The use of high doses of opioids, however, is associated with the need for prolonged postoperative mechanical ventilation, and their use may increase length of stay in the intensive care unit (ICU) [9-10]. All inhaled volatile anesthetic agents have cardiovascular effects, including depression of myocardial contractility and afterload reduction. Volatile anesthesia compared with propofol, midazolam and opioid anesthesia can lowering troponin release, improve left ventricular function. Low dose of sevoflurane (0.25-0.5 MAC) and isoflurane has been shown to provide protection in animal models; however, the dose of volatile anesthetics generated myocardial protective in humans is not accurate.

Two kinds of spinal anesthesia techniques (epidural anesthesia and spinal anesthesia) can lead to sympathetic nerve block and reduce the cardiac preload and post load. But the high level block can lead to lower blood pressure and it is not conducive to the prognosis of heart function. The others point out that epidural anesthesia/analgesia did not decrease death or cardiovascular outcomes but modestly improved pulmonary outcomes compared with the general anesthesia group. At the present stage, the monitored anesthesia care (MAC) which composed of local anesthesia and intravenous anesthetics is gradually being taken seriously. Although this technique can eliminate the adverse effects of the some general anesthesia or spinal anesthesia, but the MAC may lead to myocardial ischemia and heart function of abnormal occurrence rate can increased (when local anesthesia is not satisfied).

In this case, the brachial plexus block anesthesia and general anesthesia have their own advantages and weaknesses. Brachial plexus anesthesia by the practicing anesthesiologist can avoid the influence of several general anesthesia drugs on cardiovascular function and reduce the possibility of the occurrence of HF. However, surgical stress itself can be regard as an independent risk factor for HF. If the sudden HF in the brachial plexus block, the first should be given high flow nasal catheter oxygen, pressure oxygen inhalation or mechanical ventilation if necessary. Some general anesthesia drugs may influence the circulatory function, but it also can directly mechanical ventilation in patients and sedative obviously and reduce the cardiac preload by stress. All anesthesia technologies are required to strengthen the monitoring that can detect early and treat properly.

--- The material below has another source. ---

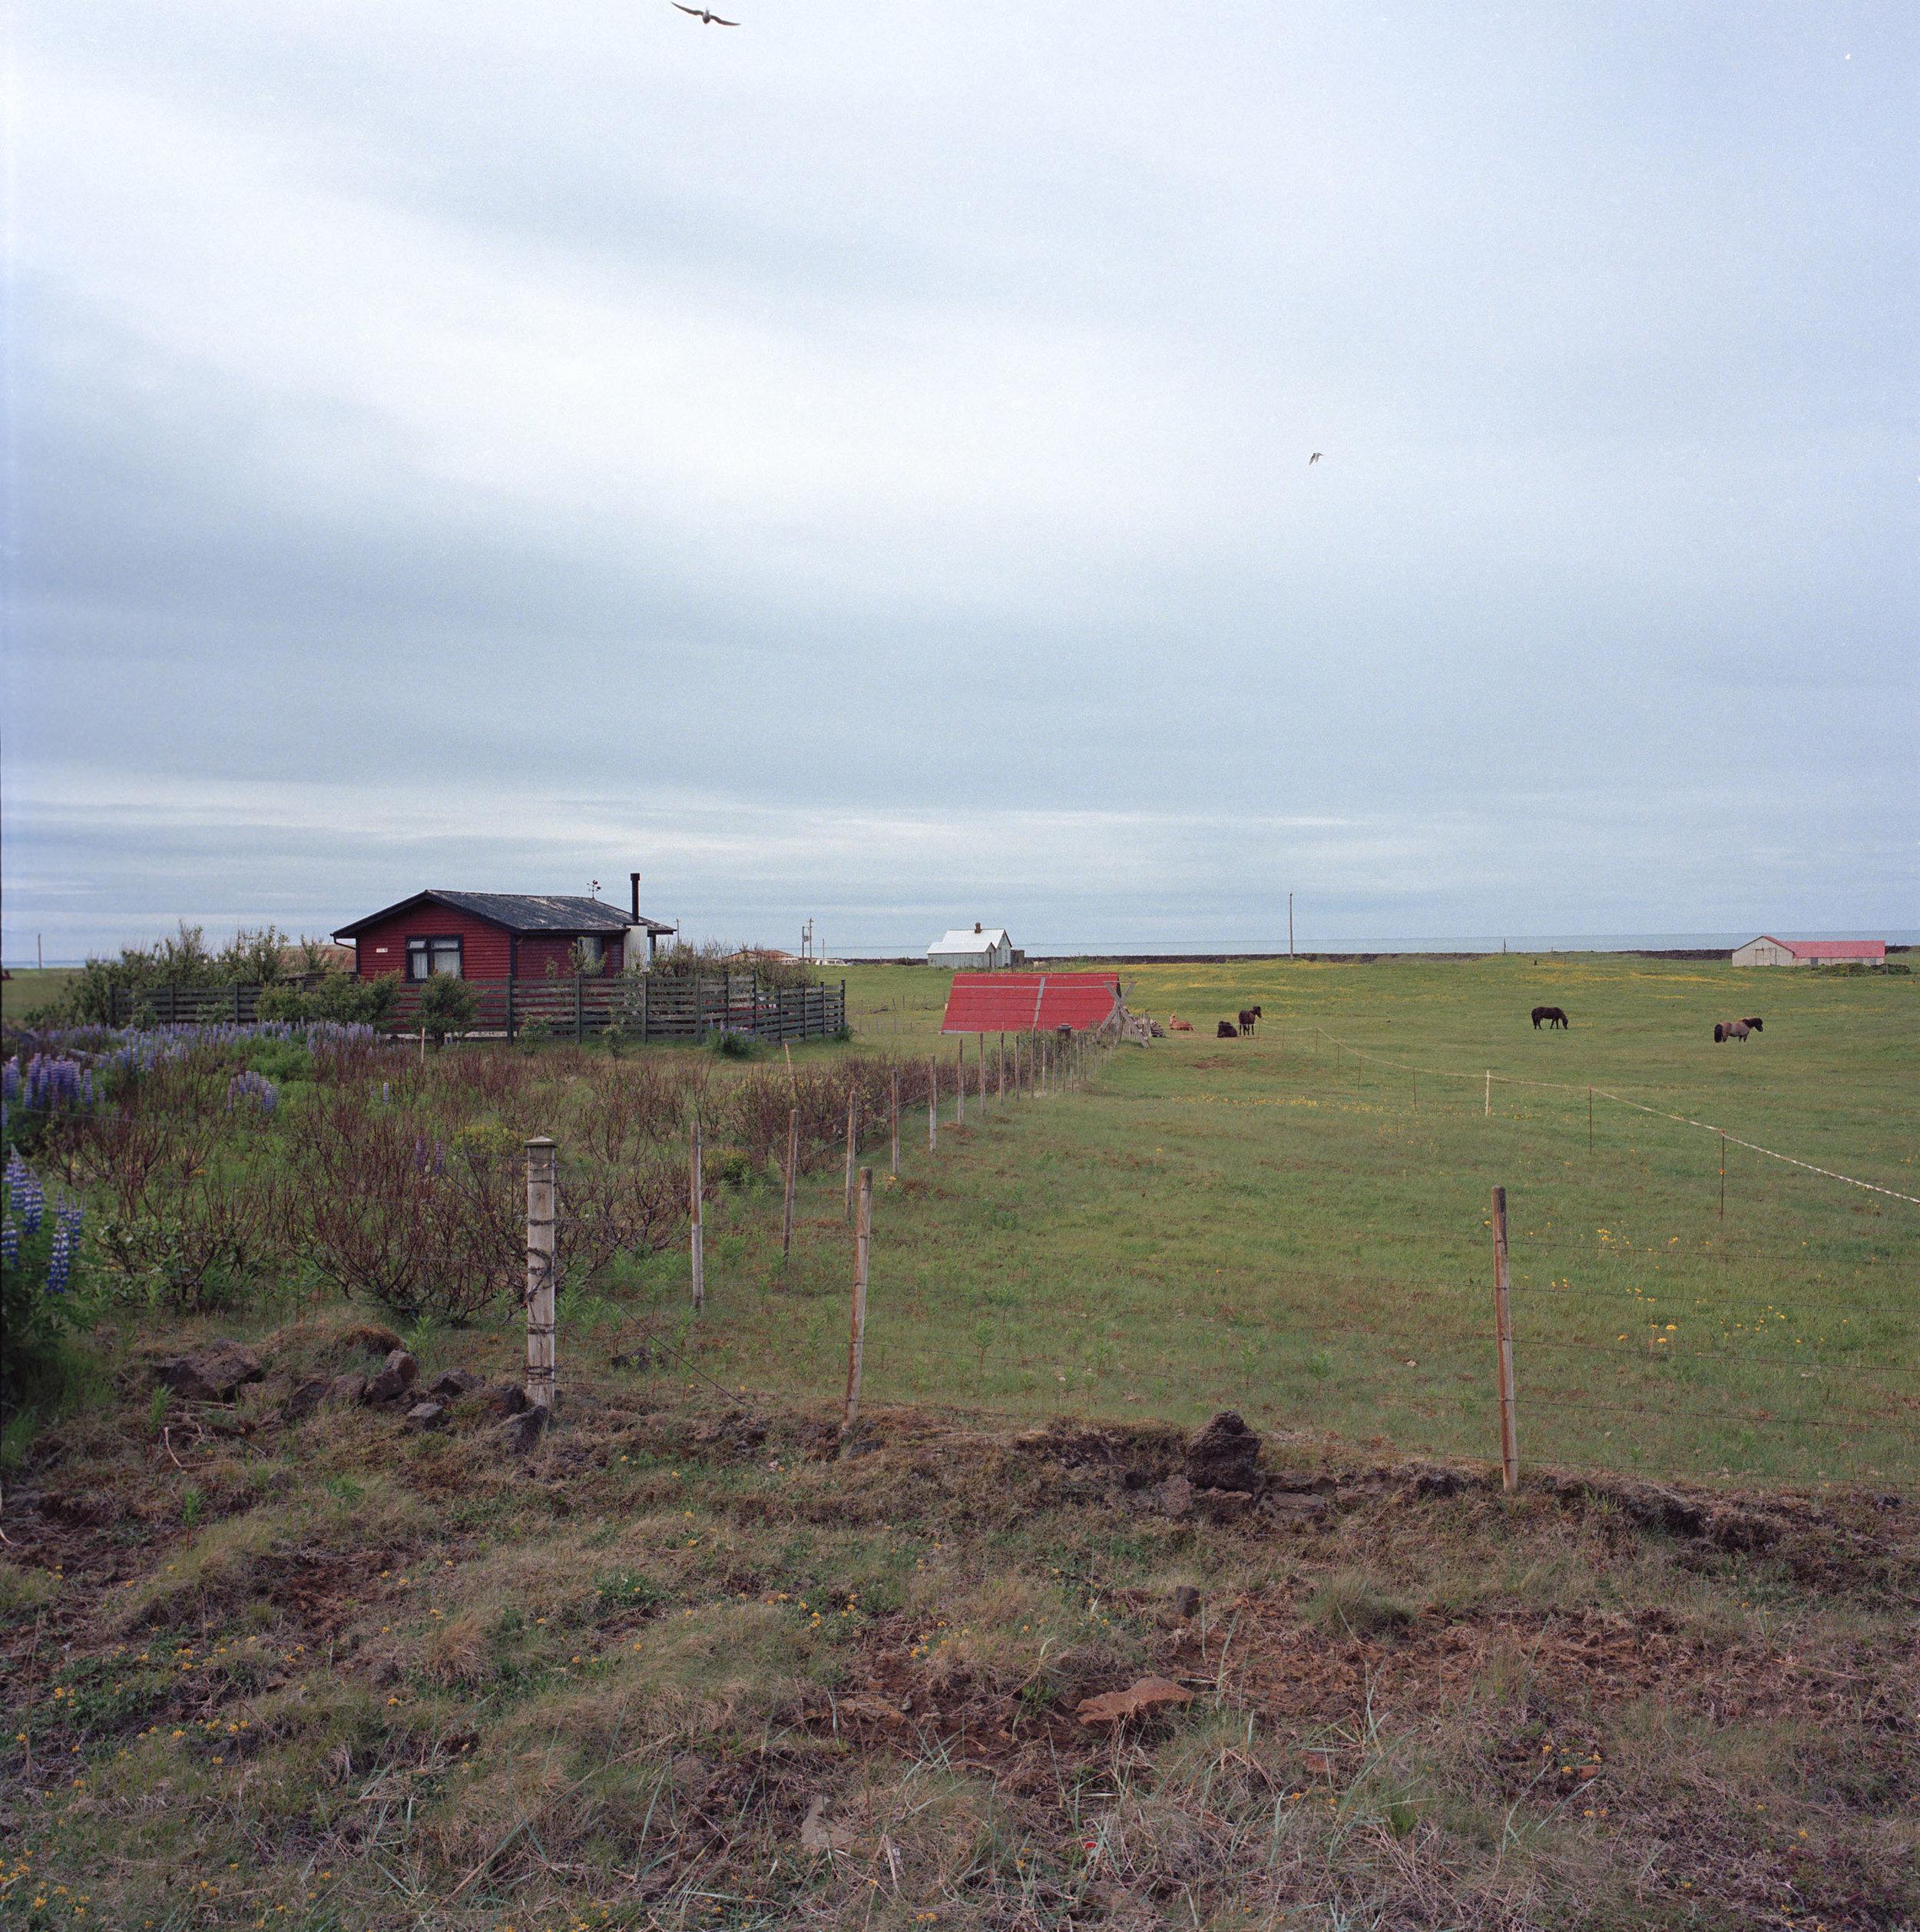 Vik, Iceland (2015)

This patient is due to a slight tension before surgery, at the situation that inform her family that general anesthesia and brachial plexus block on the basis of relevant risks, she still require general anesthesia.

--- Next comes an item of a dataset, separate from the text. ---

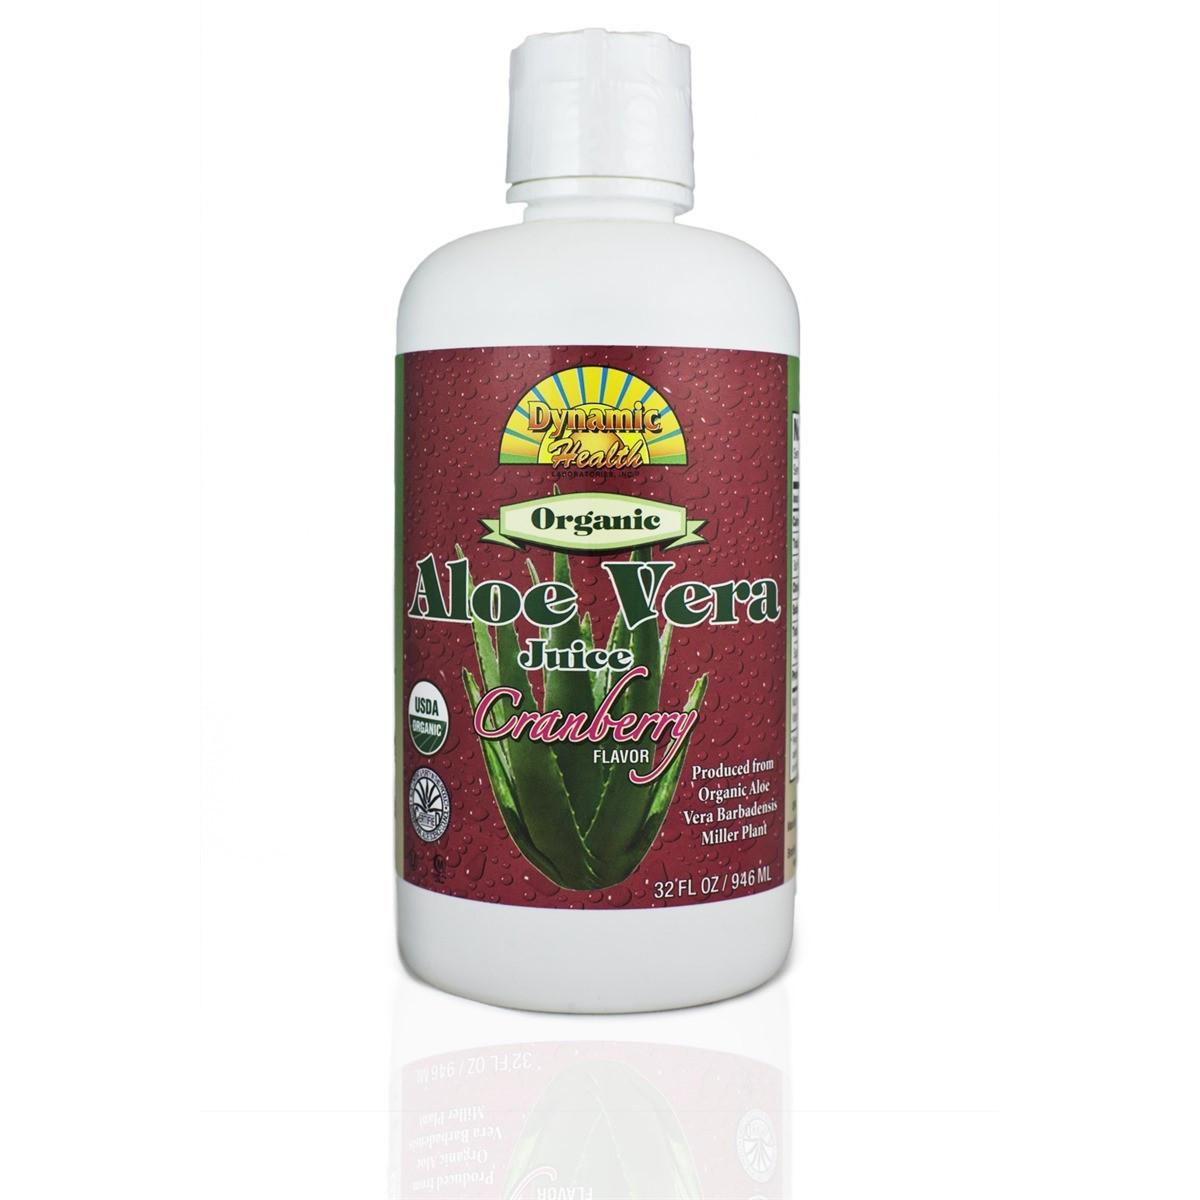 Organic Aloe Vera Juice  Aloe Vera Aloe Vera Juice Aloe Juice

All anesthetic techniques and drugs have known cardiac effects, and perioperative planning should take these factors into account. There is no any optimal anesthetic technique for myocardial protection [11-15]. Therefore, anesthesia and intraoperative monitoring should be comprehensive consideration and be chosen. For the non-cardiac surgery for heart disease, preoperative should improve the relevant examination, fully assess, improve preoperative preparation, intraoperative need to strengthen monitoring, prevention and treatment of all complications, postoperative further strengthen monitoring treatment.